The brushed band. The folding panel. The compromise that became a style.
Why the Targa exists
The Targa was a response to a specific problem. In 1965, US federal regulators were considering a ban on convertibles over concerns about rollover safety. Porsche wanted to offer an open-top 911 for the American market but did not want to design a true cabriolet that might be regulated out of existence the following year.
The compromise was the Targa: a 911 with a fixed brushed-stainless-steel roll hoop arching over the cabin and a removable roof panel between the windshield and the hoop. The car had open-air motoring, but the structural hoop preserved roof crush resistance in a rollover. The regulators eventually decided not to ban convertibles. The Targa stayed.
The name
Targa is the Italian word for "plate" or "shield." Porsche borrowed the name from the Targa Florio, the Sicilian road race that the company had won six times by 1965. The Targa Florio name itself comes from Vincenzo Florio, the Italian count who founded the race in 1906. So the 911 Targa is named for a race that is named for a person — an unusually layered naming history.
The original Targa, 1965-1989
The long-hood and G-body Targa share the same essential layout: brushed-steel roll hoop, removable vinyl-and-canvas roof panel, removable rear glass on early cars (later replaced by fixed glass), and a slightly different rear pillar profile than the coupe. The brushed-steel hoop became the visual signature — a band of bare metal in a body otherwise painted to match the car.
Early Targas (1965-1967) had a removable rear glass that zipped out and folded down behind the seats. The "soft window" Targas are now rare and collectible. From 1968 onward, the rear glass became fixed.
Through the G-body era, the Targa accounted for approximately 20 percent of 911 production in some years. It was particularly popular in the United States, where the open-top body style appealed to California buyers more than the closed coupe.
The 964 Targa, 1989-1994
The 964 retained the original Targa layout — brushed-steel hoop, removable roof panel — with body lines updated to match the smooth-bumper styling. The panel was now lighter, with a different latch mechanism. The basic visual language was unchanged.
The 1996 reinvention
The 993 Targa, introduced in 1996, abandoned the brushed-steel hoop entirely. In its place: a sliding glass roof that retracted into a cavity behind the rear glass. The entire roof was now a tinted glass panel — closed in cold weather, open by sliding back electrically.

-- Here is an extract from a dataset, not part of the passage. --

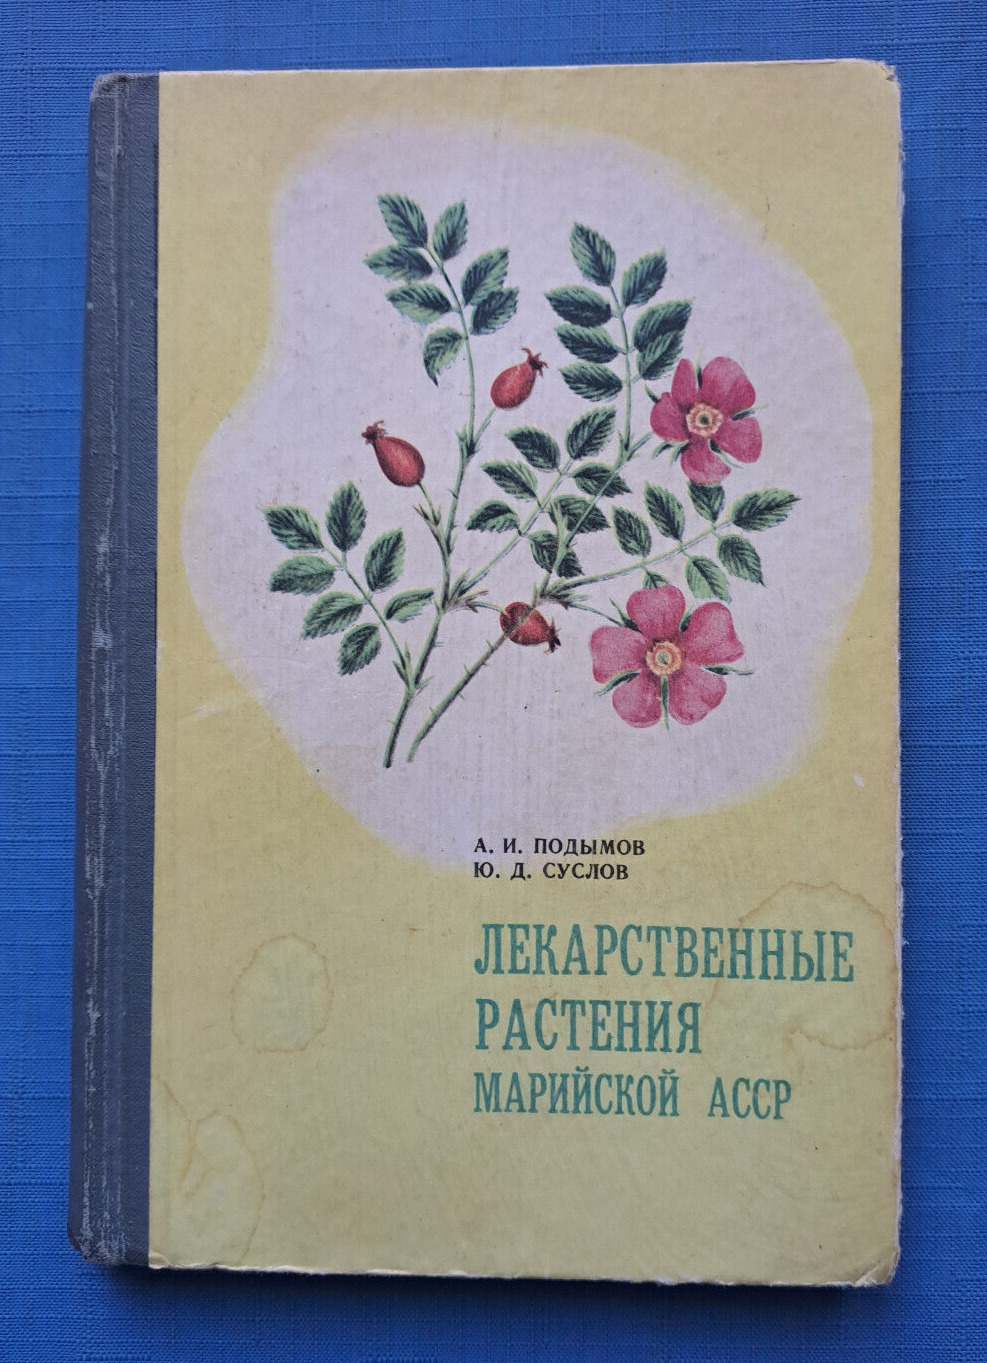 1974 Medicinal plants of Mari ASSR Herbal Treatment Medication Russian book

The decision was controversial. The brushed-steel hoop had been the Targa's identity for thirty years. Some enthusiasts felt the glass roof made the 993 Targa just an unusual coupe rather than a true open car. Others appreciated the engineering: the sliding glass system gave more of an open-air sensation than the small removable panel of the original Targa, and the cabin was structurally a coupe — stiffer than the original Targa or any cabriolet.
The sliding glass roof became the modern Targa standard. The 996 Targa, 997 Targa, and 991 Targa all used variations on the design. Then, in 2014, Porsche brought back the brushed-steel hoop for the 991 II Targa — a modern reinterpretation with electric folding that took twenty seconds to perform.
What the Targa means now
Original Targas — the brushed-steel-hoop cars from 1965 through 1994 — are increasingly sought-after. The original visual identity is unmistakable and the experience is open-air without the cabriolet weight penalty. A clean 993 Targa now brings 80-90 percent of the equivalent coupe price. A clean long-hood Targa with documented history can bring more than a comparable coupe — especially the soft-window early cars.
The 993 sliding-glass Targa, once dismissed as the unloved variant, is also climbing. Time has softened the original reaction. The roof system has aged well mechanically, and the panoramic glass is a feature few modern cars offer.